Le «mythe» vaut bien une conférence. Une réunion sur la «réalité» de l'extermination des juifs durant la Seconde Guerre mondiale, notamment sur l'utilisation de chambres à gaz dans les camps de concentration nazis, s'est ouverte, lundi, à Téhéran. Intitulée «Etude de l'Holocauste: une vision mondiale», la conférence se tient à l'Institut d'études politiques et internationales, qui dépend du Ministère des affaires étrangères.

Durant deux jours, des «universitaires» et «chercheurs» européens, tel l'ex-universitaire et révisionniste français Robert Faurisson, condamné à de multiples reprises par la justice française pour sa négation de la réalité de l'Holocauste.

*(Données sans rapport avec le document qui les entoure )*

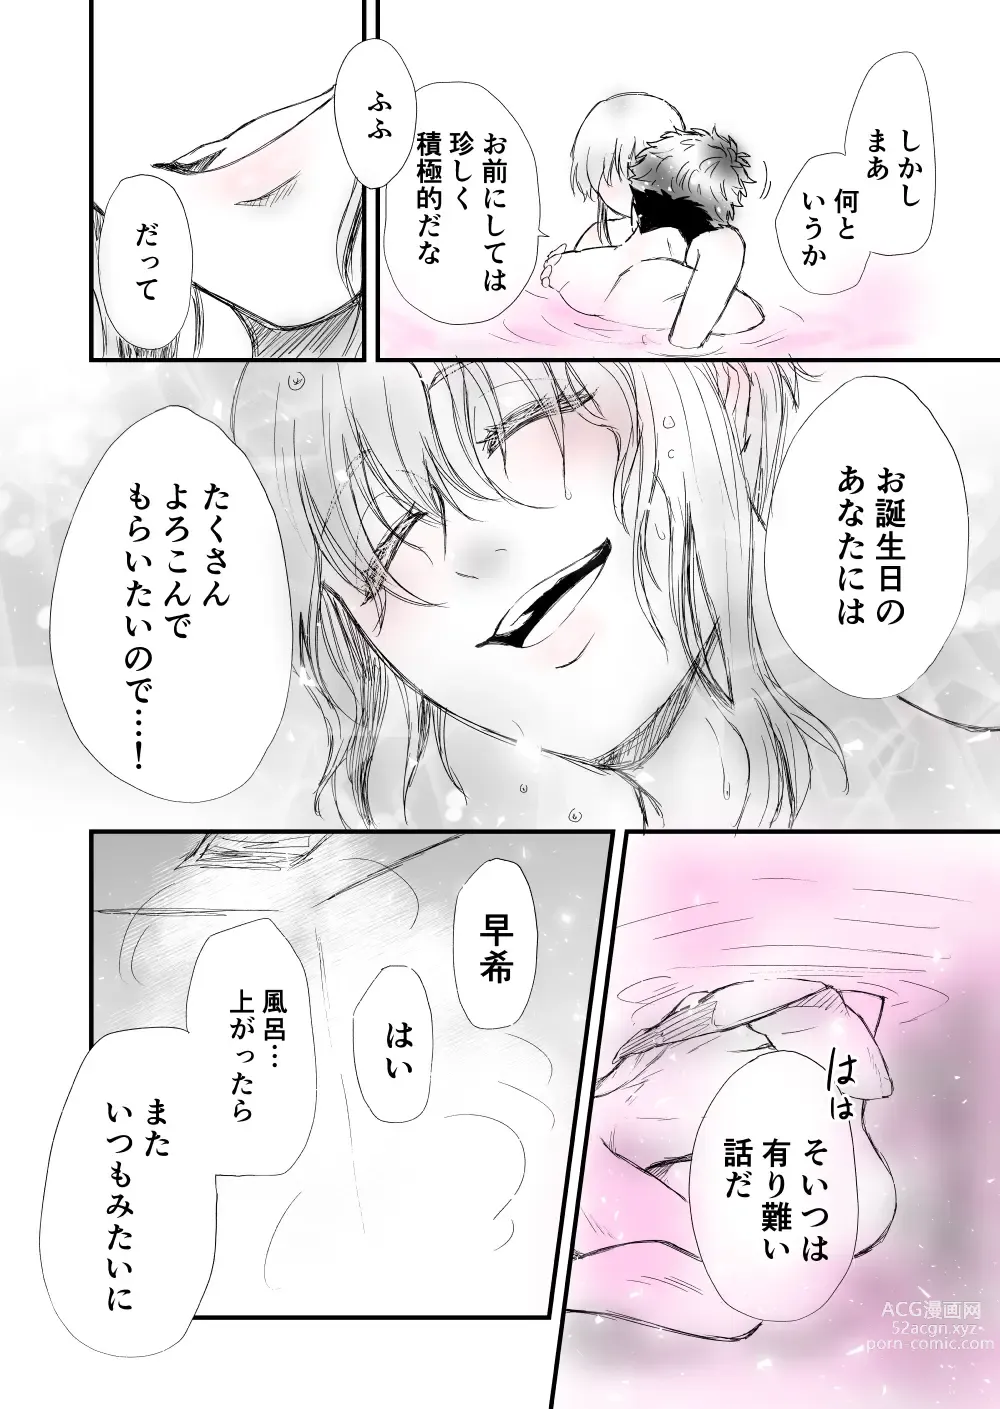 Page 18 of doujinshi 3

Mais aussi des rabbins anti-sionistes ou encore l'ancien représentant républicain de Louisiane David Duke, dirigeant du Ku Klux Klan, vont «débattre» sur le sujet. Ils sont notamment invités à se pencher sur le thème suivant: «Holocauste: suites et exploitation».

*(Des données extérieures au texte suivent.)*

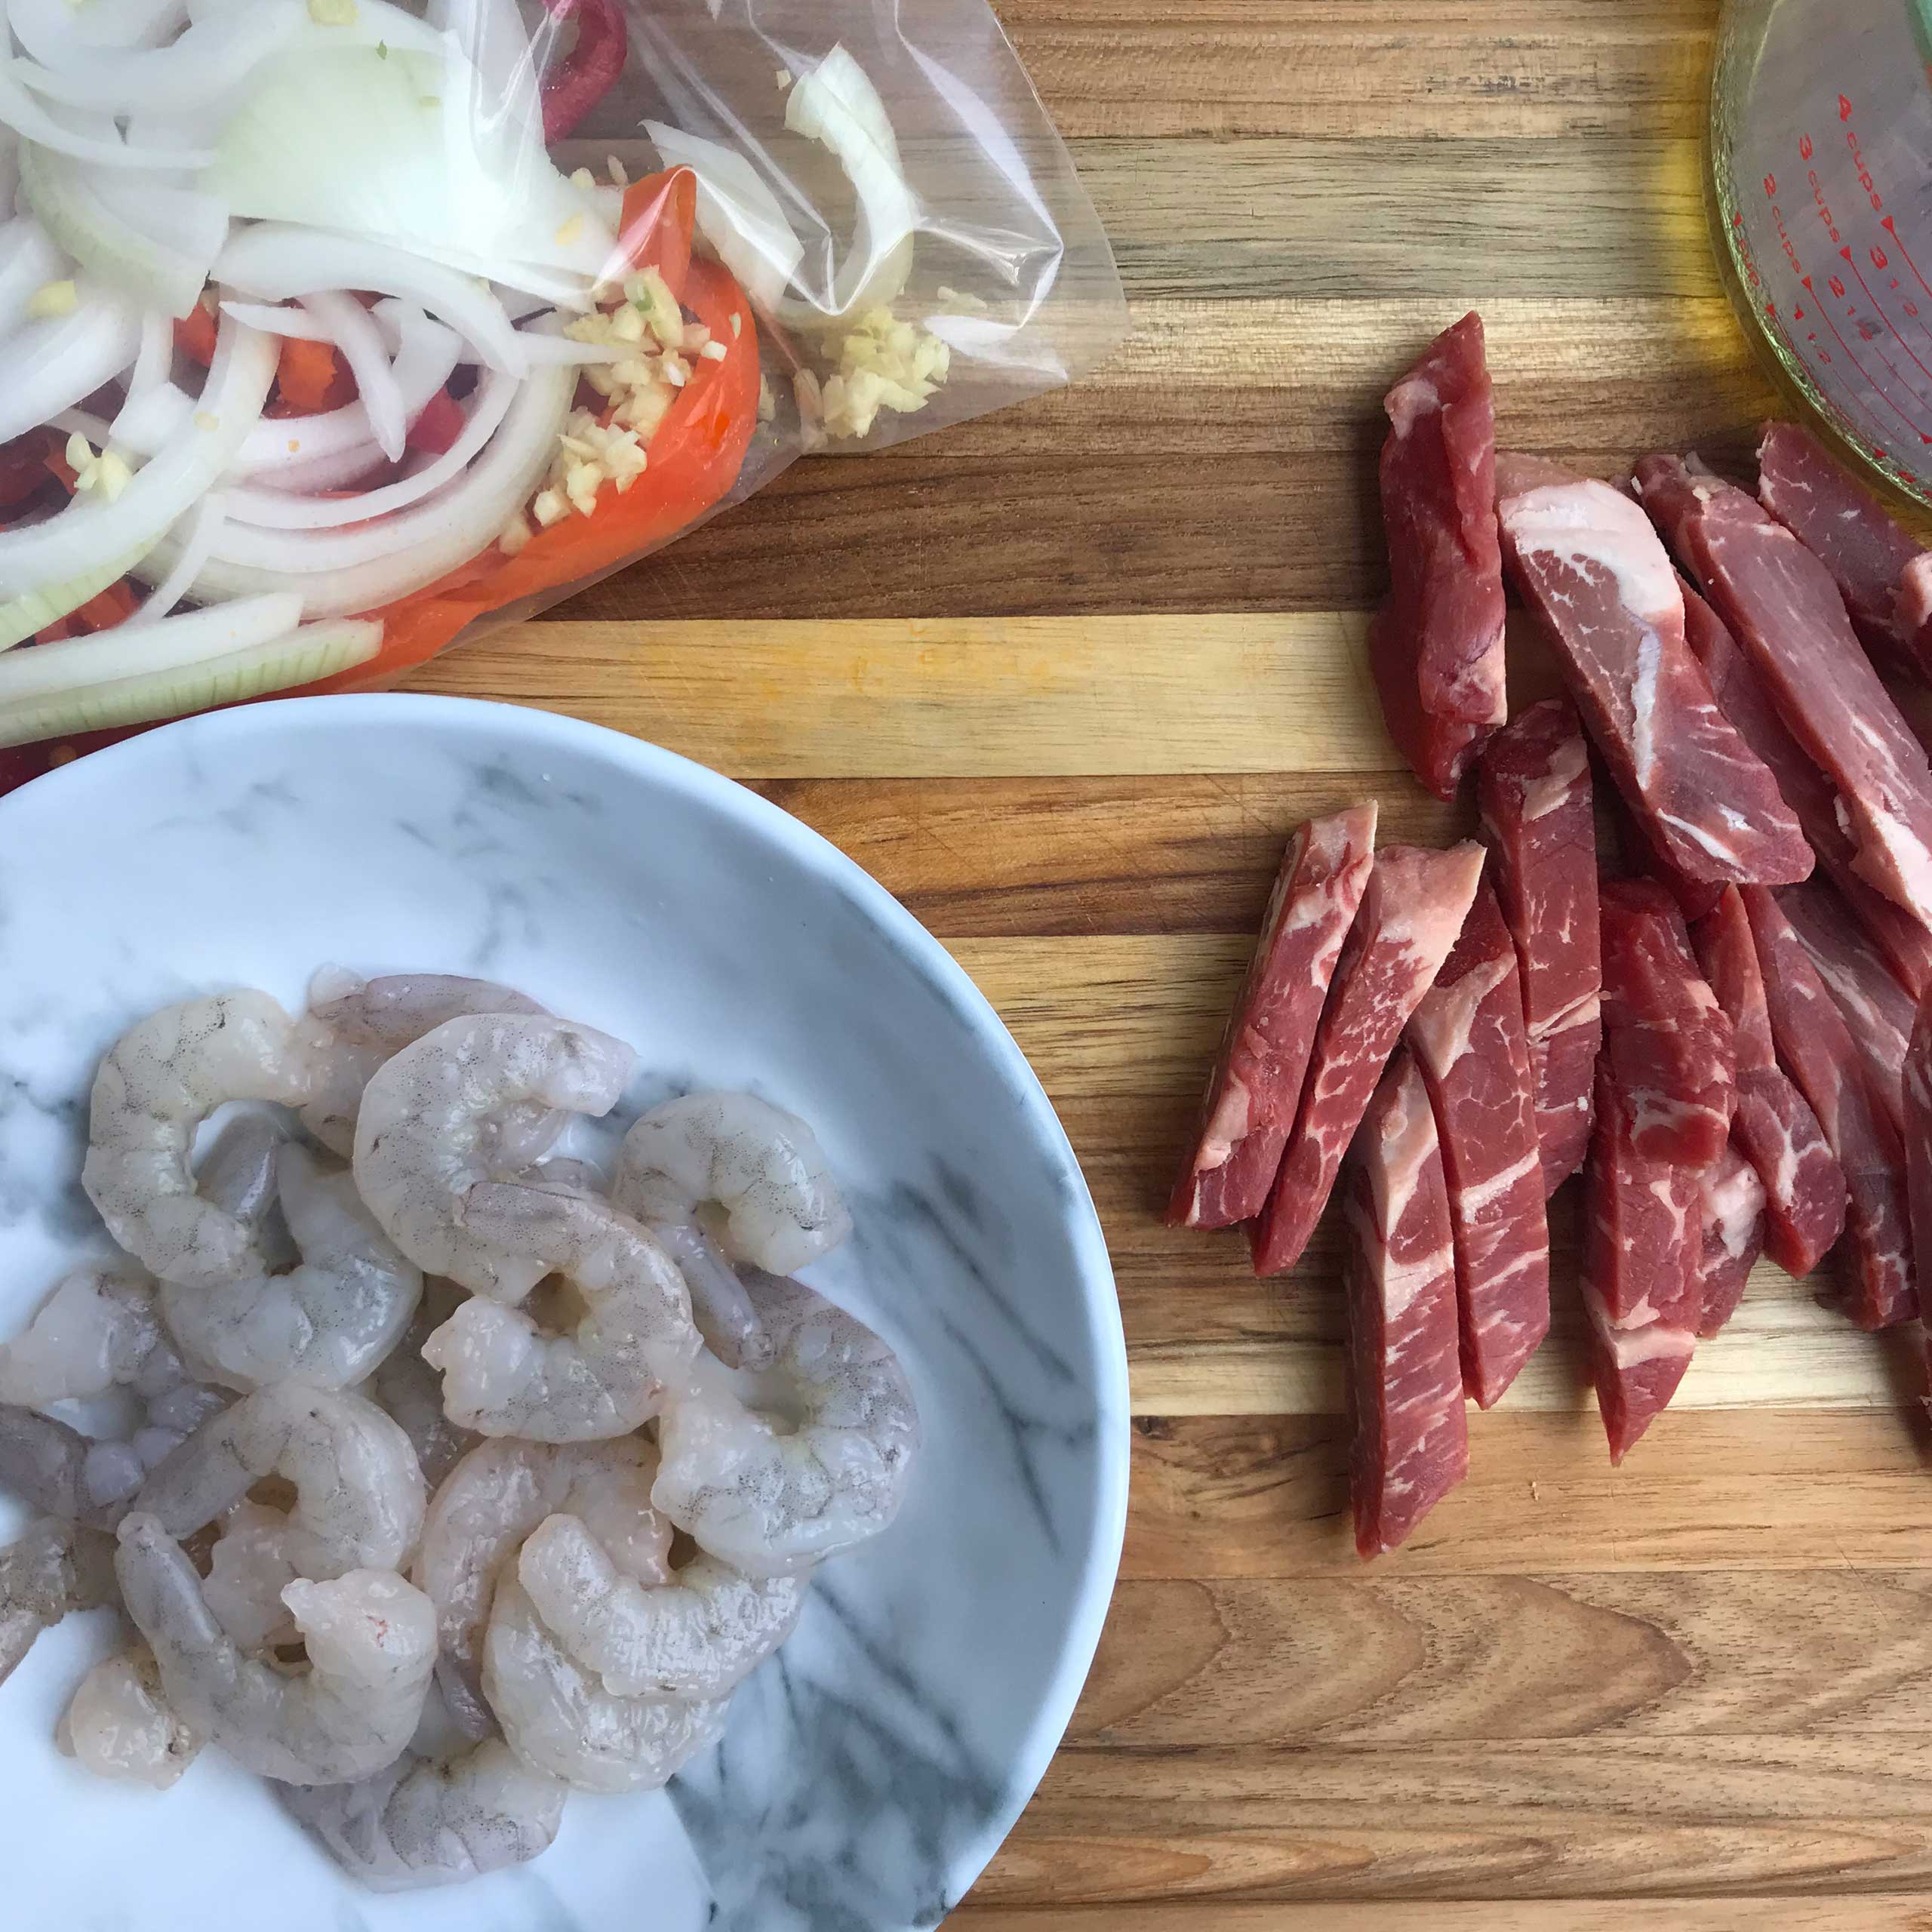 shrimp, veggies and steak for fajitas.

Le président iranien Mahmoud Ahmadinejad en est à la fois le concepteur et le promoteur. Depuis son arrivée au pouvoir, en août 2005, il a parlé à plusieurs reprises de l'Holocauste comme d'un «mythe», utilisé, selon lui, par l'Etat d'Israël au Proche-Orient, qu'il qualifie par ailleurs de «tumeur» et qu'il souhaite ouvertement «rayer de la carte». Malgré les pressions de la communauté internationale, Téhéran cherche à se doter de l'arme nucléaire.

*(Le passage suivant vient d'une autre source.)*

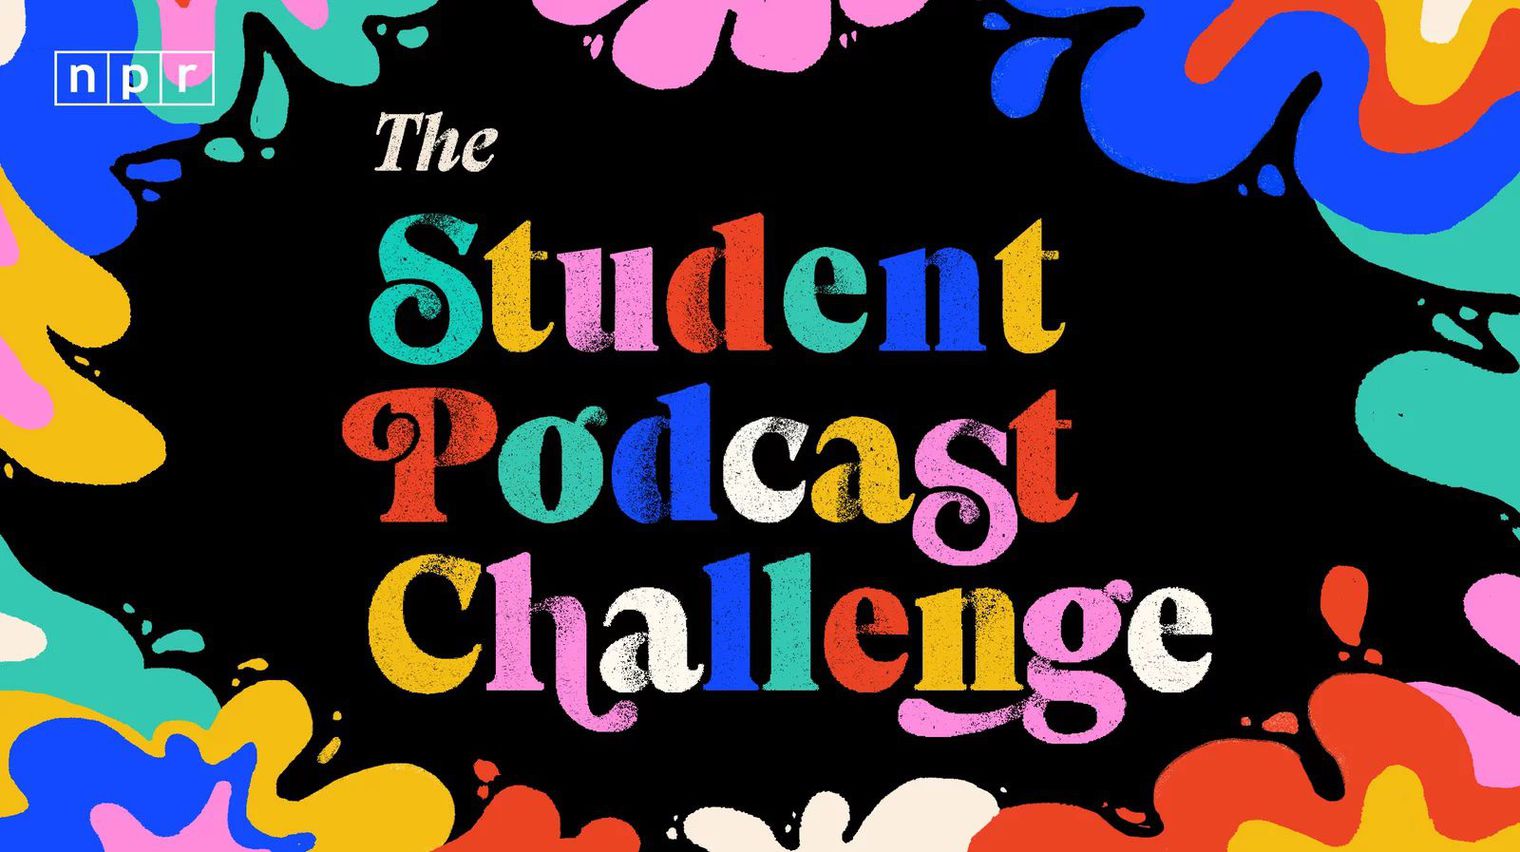 NPR podcast challenge logo

Dans son discours d'ouverture, le ministre des Affaires étrangères, Manouchehr Mottaki, a affirmé: «Le but de cette conférence n'est pas de nier ou de confirmer la réalité de l'Holocauste. L'objectif principal, c'est de donner l'occasion de s'exprimer à des penseurs qui ne peuvent pas le faire librement en Europe.»

«Nauséabonde»

Cette conférence a provoqué de nombreuses protestations internationales. Le premier ministre israélien Ehoud Olmert l'a qualifiée de «nauséabonde». Paris a exprimé son «inquiétude», alors que Berlin a condamné «toute tentative de ceux qui cherchent à donner un forum à ceux qui relativisent et remettent en cause l'Holocauste». Washington a parlé de «geste honteux». La communauté juive d'Iran (25000 personnes) a aussi critiqué la conférence.